▶ **Dataset entries**:
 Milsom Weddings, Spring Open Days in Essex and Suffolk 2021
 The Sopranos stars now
...
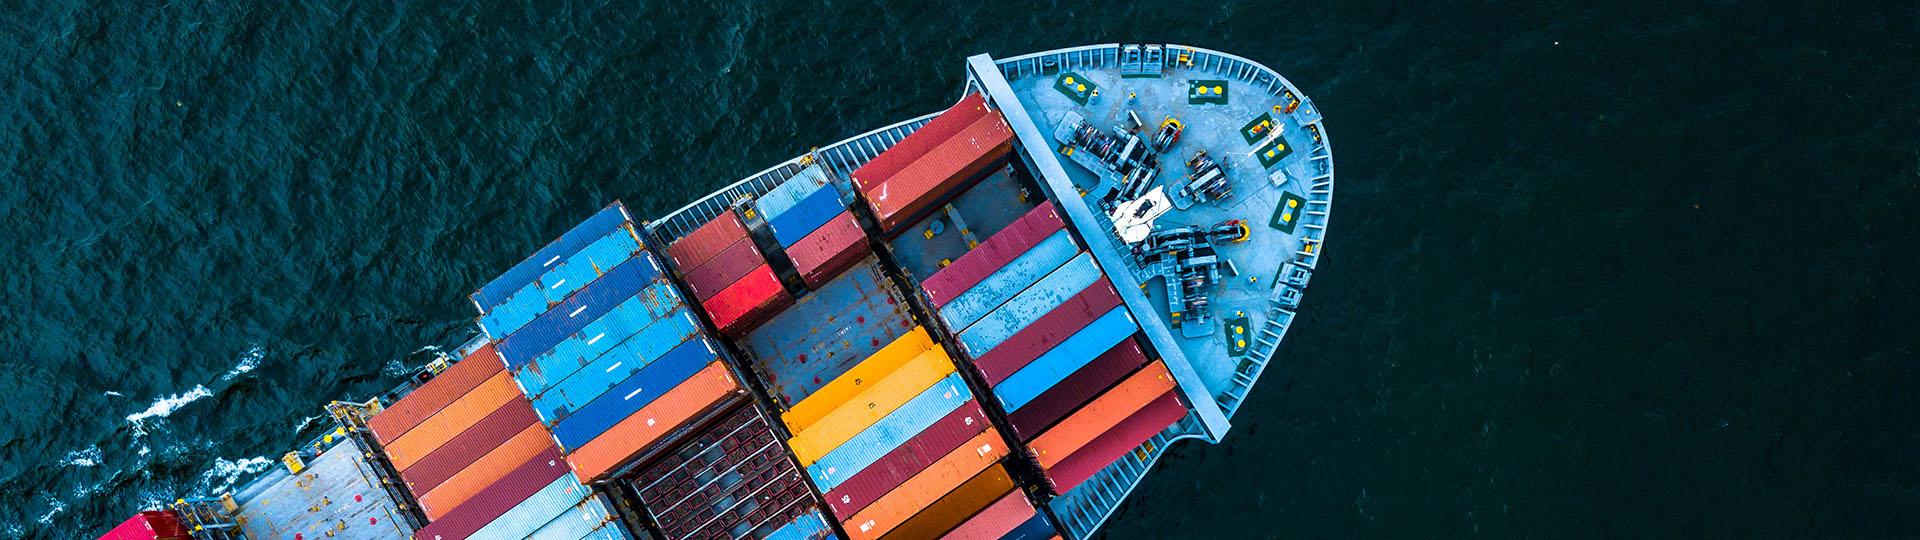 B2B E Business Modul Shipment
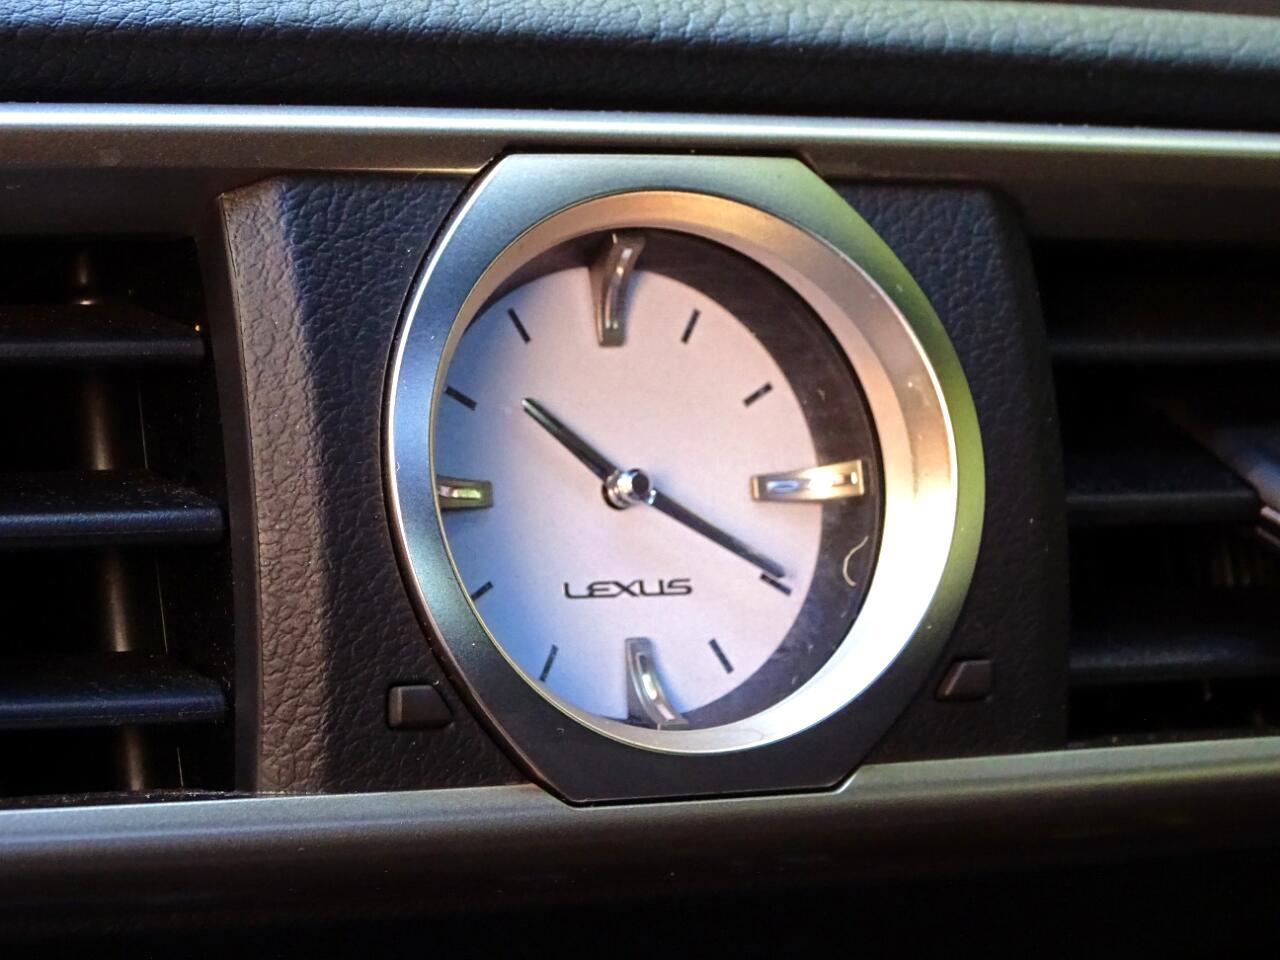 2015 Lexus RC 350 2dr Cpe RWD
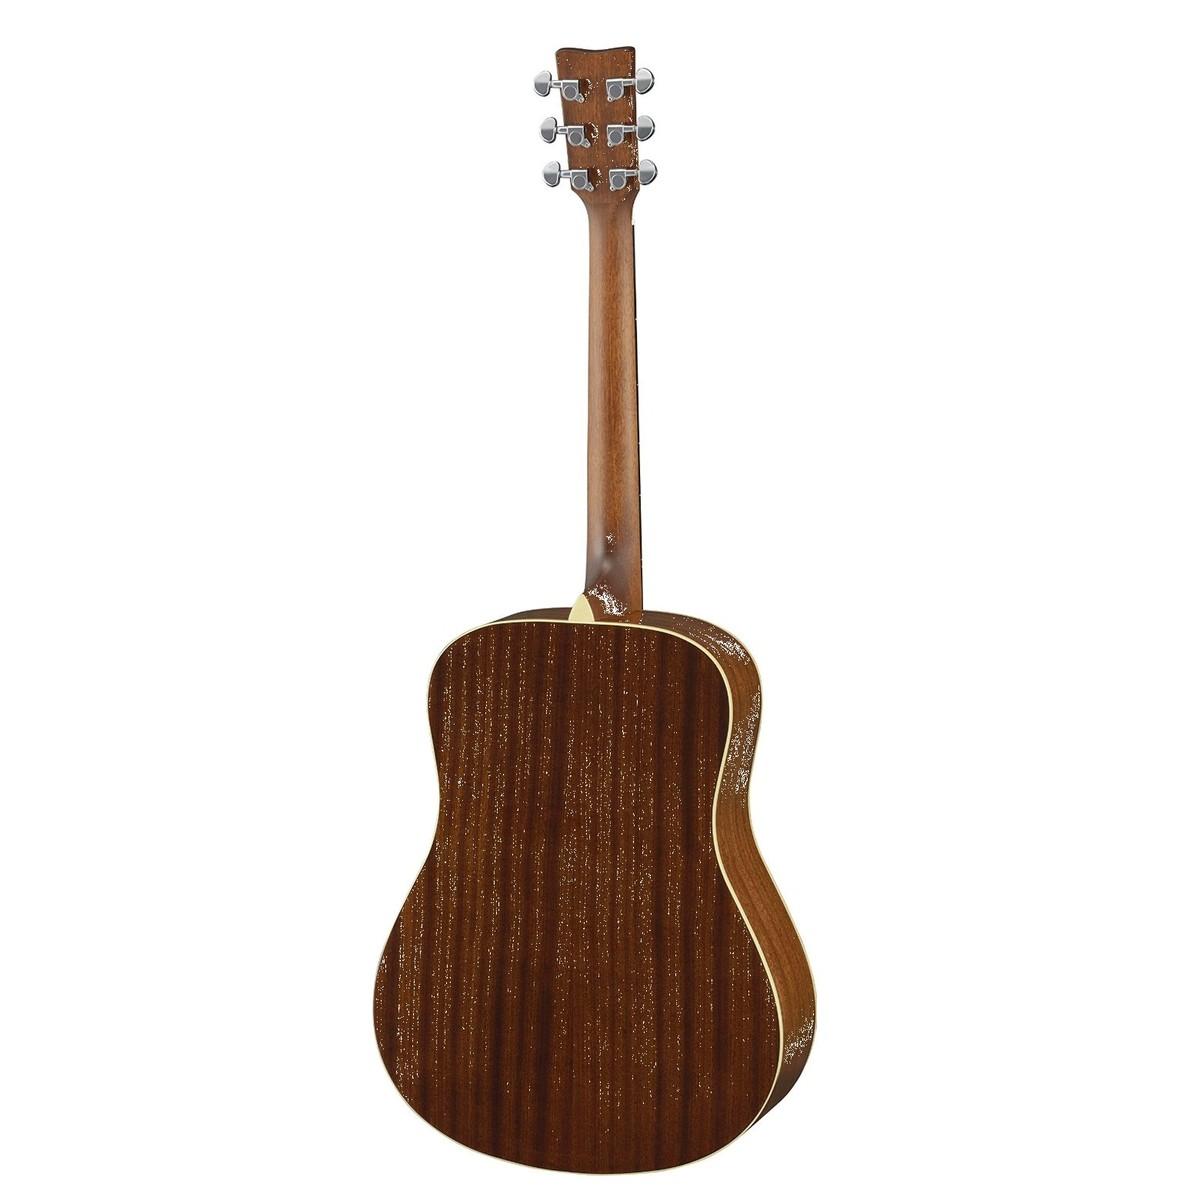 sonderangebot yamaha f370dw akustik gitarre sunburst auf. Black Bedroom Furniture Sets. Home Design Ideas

▶ **Prompt**: Using the data above, return the lines from the one holding "B2B E Business Modul Shipment" through the one holding "sonderangebot yamaha f370dw" exactly, but not the pictures.

▶ **Task output**:
 B2B E Business Modul Shipment
 2015 Lexus RC 350 2dr Cpe RWD
 sonderangebot yamaha f370dw akustik gitarre sunburst auf. Black Bedroom Furniture Sets. Home Design Ideas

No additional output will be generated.